Should you tell a girl about the shortcomings of her appearance and body?
The improvised hit parade of something that you didn’t feel bad either to not see at all, or to see right there – the notorious “unwanted hairs” take the first place of honor. Especially, where, in theory, a woman should not have them at all (above the lip, on the cheeks, chest). I remember I was once asked how a girl could be hinted to get rid of excess fluffiness on her face. Surely, I tried to dream up and offer plus or minus suitable options. But the truth is this: there are NO 100% suitable, non-traumatic options!
The second is asymmetry. As a rule, the “weak spot” of most girls is the chest. But one phrase spoken by the partner, let it be without malice, but with humor (in the spirit: “Your left nipple looks so funny in the side! What is it, he interestingly saw it?”), In the unkind half of cases, it actually dooms the girl to start google the cost of plastic surgeon services. The human body is not originally mirrored symmetrical. So why the hell do you get to the bottom of your chest? Then they will hide this chest from you.

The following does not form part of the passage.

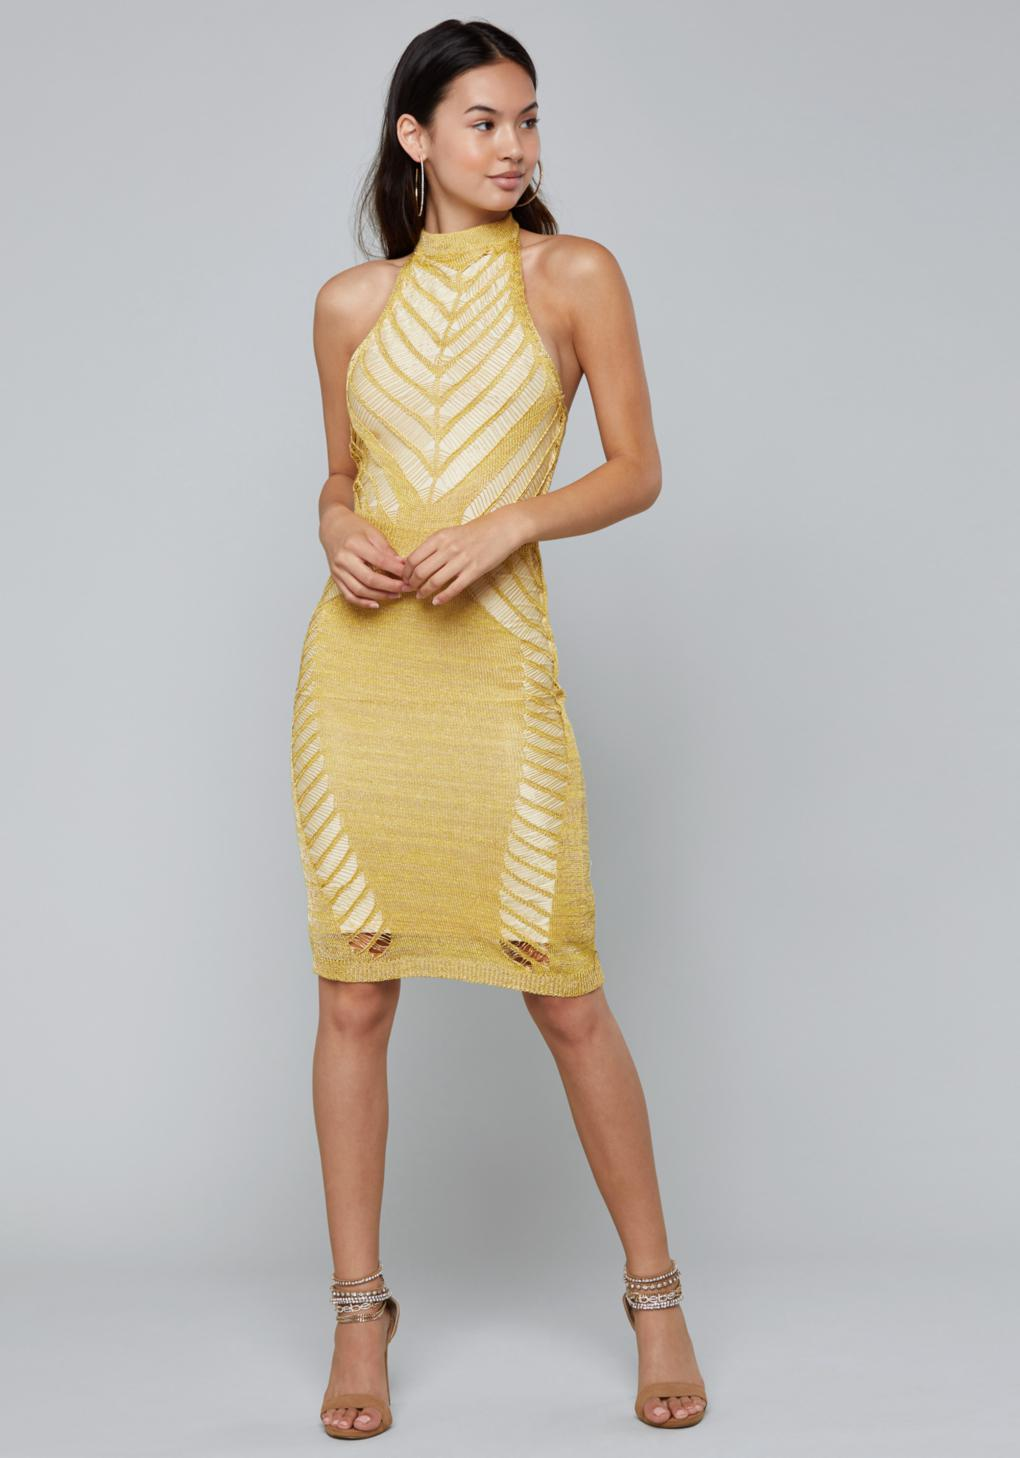 86ede6db67f Bebe Metallic Knit Halter Dress in Metallic - Lyst

Third – punctures from the “beauty injections”, which many now indulge in. Someone procedures do not leave noticeable traces. And someone is forced to walk with the face of a beekeeper for 3-5 days. But during these 3-5 days you can hear enough of it, that it’s just right to run away from home. By the way, this is exactly what one of my friends began to do: after visiting the cosmetologist she lived incognito at the hotel for three days, and told her husband (who had previously been reckless to troll her for “strange spotting”) that she went on a business trip. The case almost ended in a divorce. The deception was revealed, and the man refused to believe that it was not a lover, but some pimples. But the thing really was not in her lover.

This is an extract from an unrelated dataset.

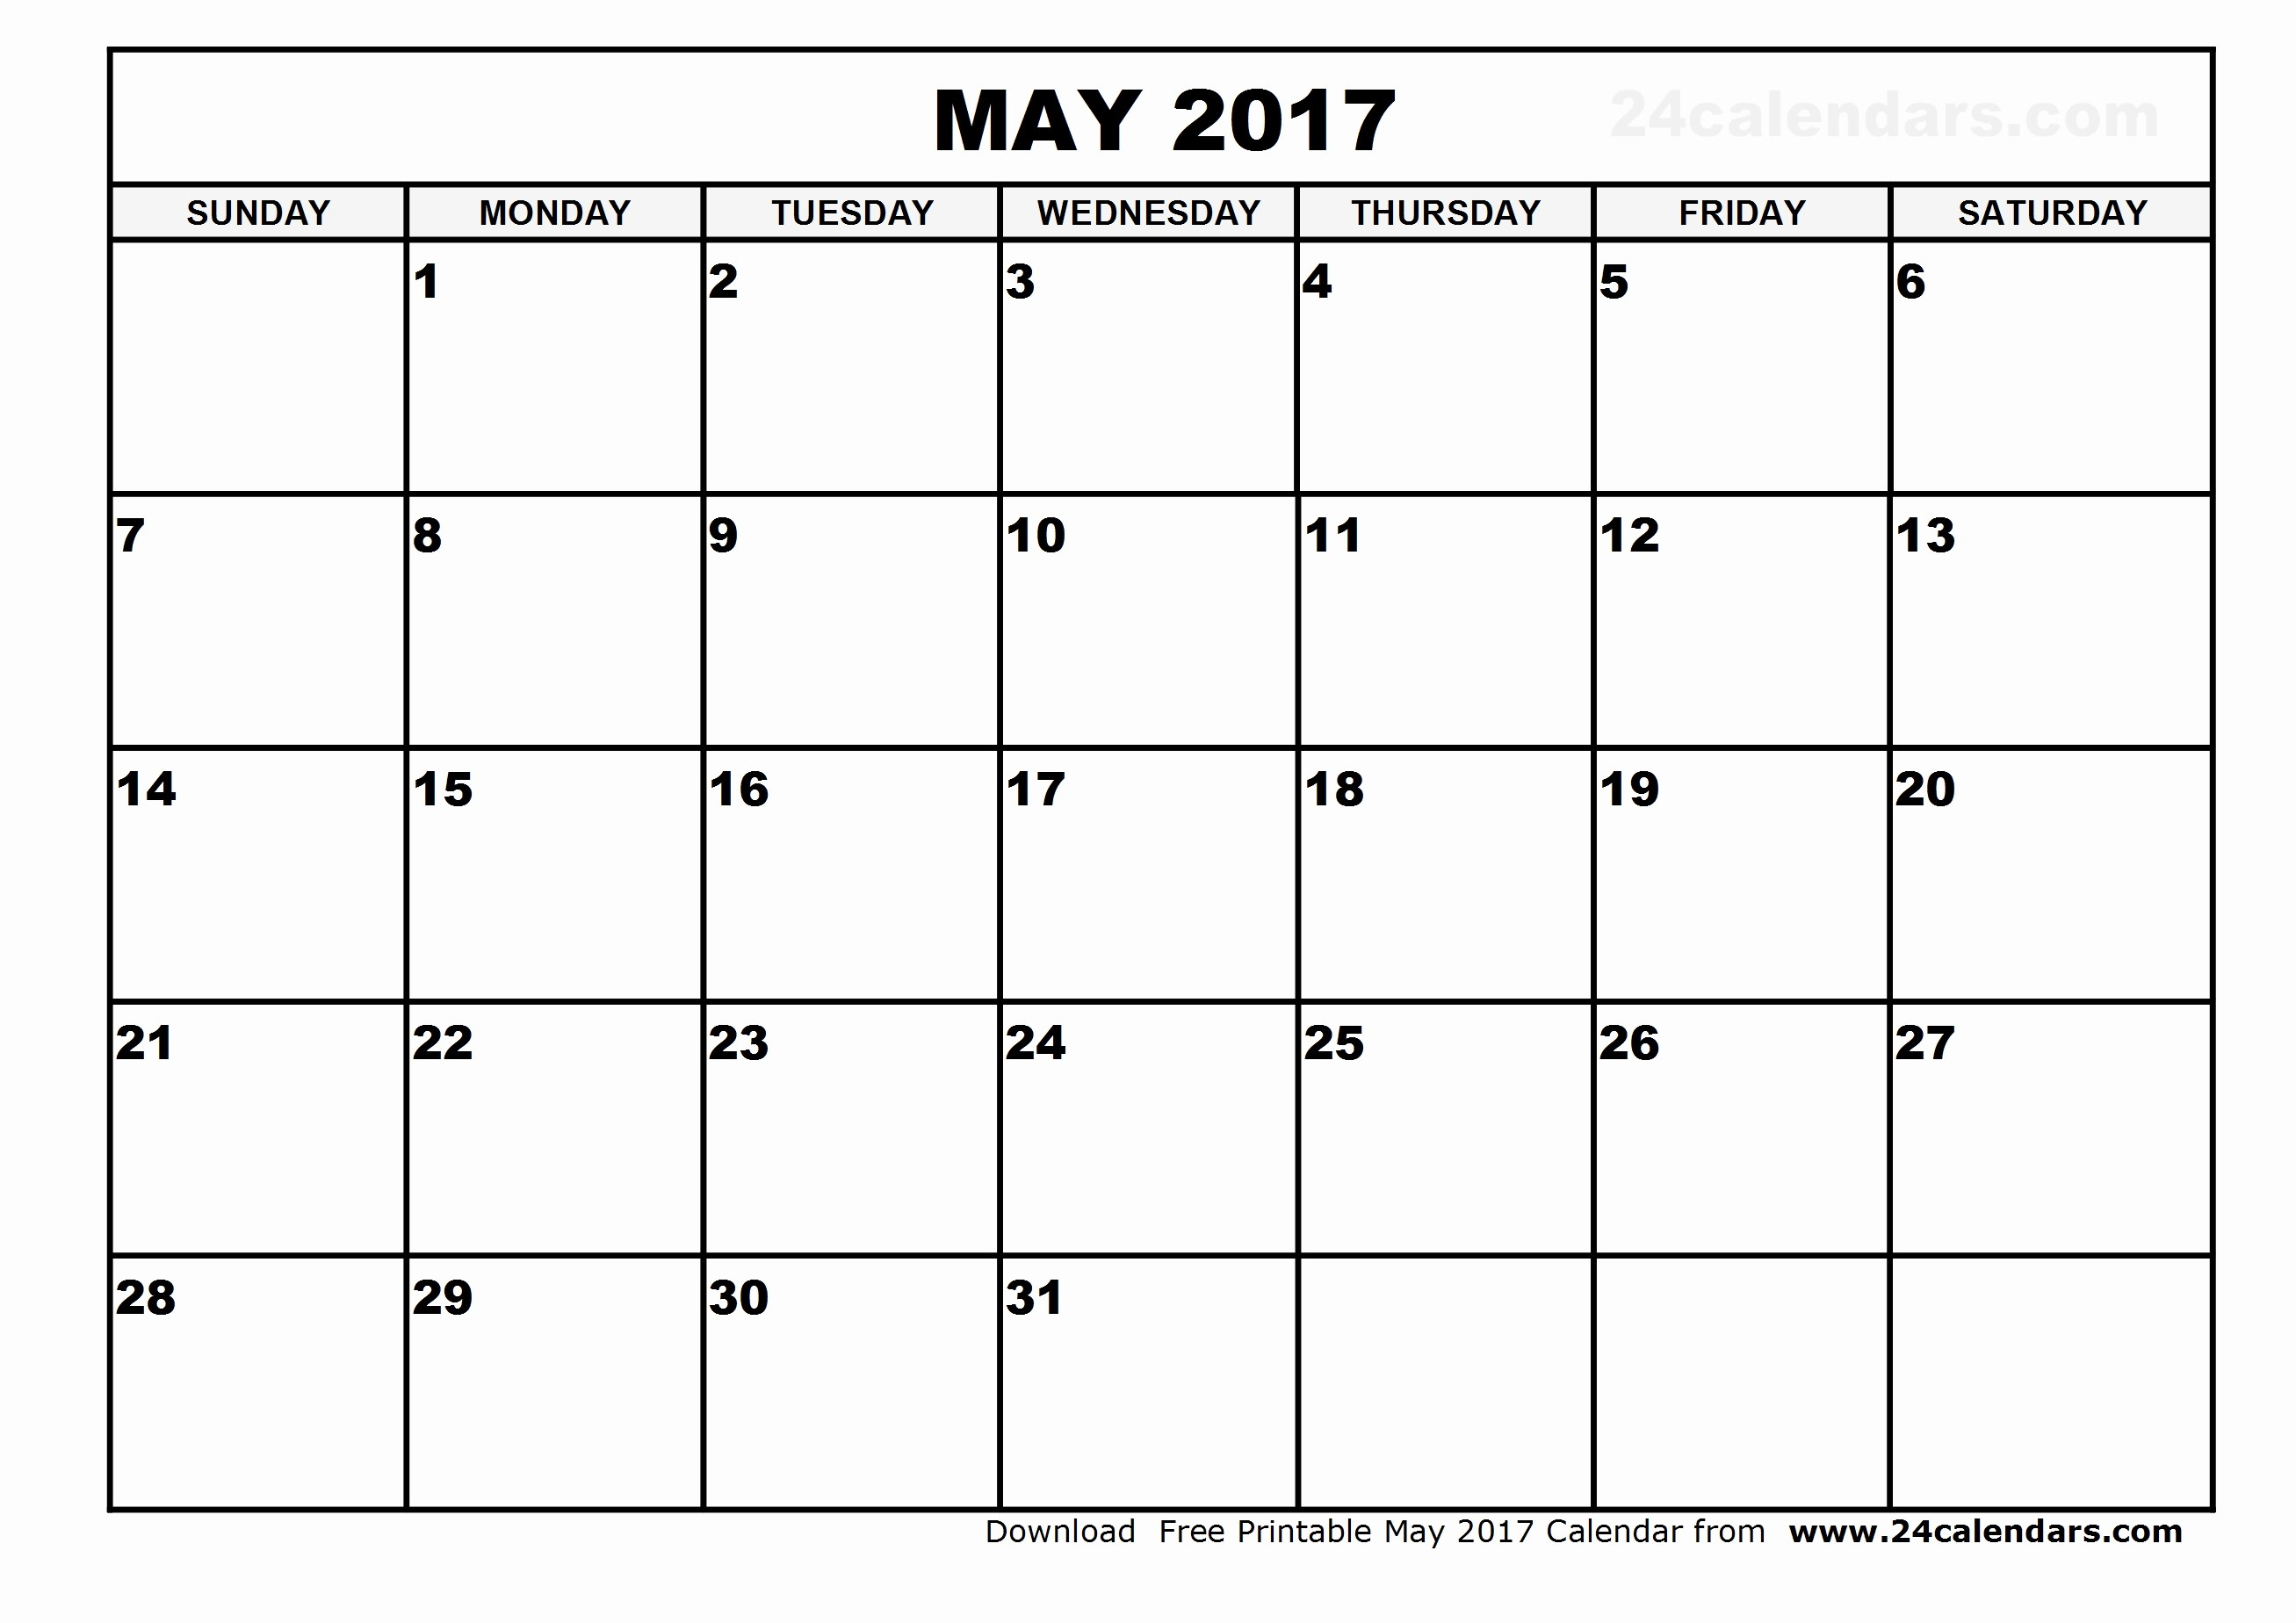 2017 Quarterly Calendar Template Excel Best Of May 2017 Calendar Excel

The fourth point is that “princesses don’t poop.” Well, obviously, that poop. But it is also obvious that this is not the most successful subject for discussion. I remember how terrified my friend was when her boyfriend (at that time they lived together for a couple of months) met her at the toilet with the words: “You have an upset stomach, right? Did you eat something? ”By the way, he showed concern. Without a hint of criticism or condemnation. But the girl did not appreciate it … “That is, what is it that turns out,” she told me, almost stuttering in horror, “All the time that I was in the toilet, he stood under the door and listened ?! And how, one asks, should I look him in the eye now ?! ”I have plenty of tragic stories on this subject. Here, for example, is another. My friend’s girlfriend could not afford to go to the toilet at a time when her boyfriend was at home. Therefore, every morning she fled to the coffee house, which was in the next house, supposedly, for coffee and rolls – but not in coffee and rolls, of course, it made sense. The plan worked flawlessly until the establishment was suddenly shut down for repairs. Oh, and the cleaning lady, who washed the porches in their house, would not approve of this girl’s “backup” plan … Well, what can I do: a desperate situation requires desperate measures.

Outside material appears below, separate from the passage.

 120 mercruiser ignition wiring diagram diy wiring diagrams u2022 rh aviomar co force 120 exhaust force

I made this very “improvised hit parade” when I was discussing with my friends whether they had run into such inappropriately frank comments from men and what the consequences were. It happened to almost everyone. The consequences – from banal grievances to non-banal problems with self-esteem – were also almost always. And despite the fact that I am for maximum frankness and transparency in communication between partners, it is worthwhile to think hard before opening your mouth in principle.
And yes, one could ask you guys to answer in the comments the question that worries me (to this day): do you see this all or not? Hairs. Specks. “Nipple squint” (a wonderful term for one of my indelicate friend). But I, perhaps, will abstain. Even if bioevolutionists are mistaken, I have one more “refuge”: the saving myth that men are not blind, but love is blind!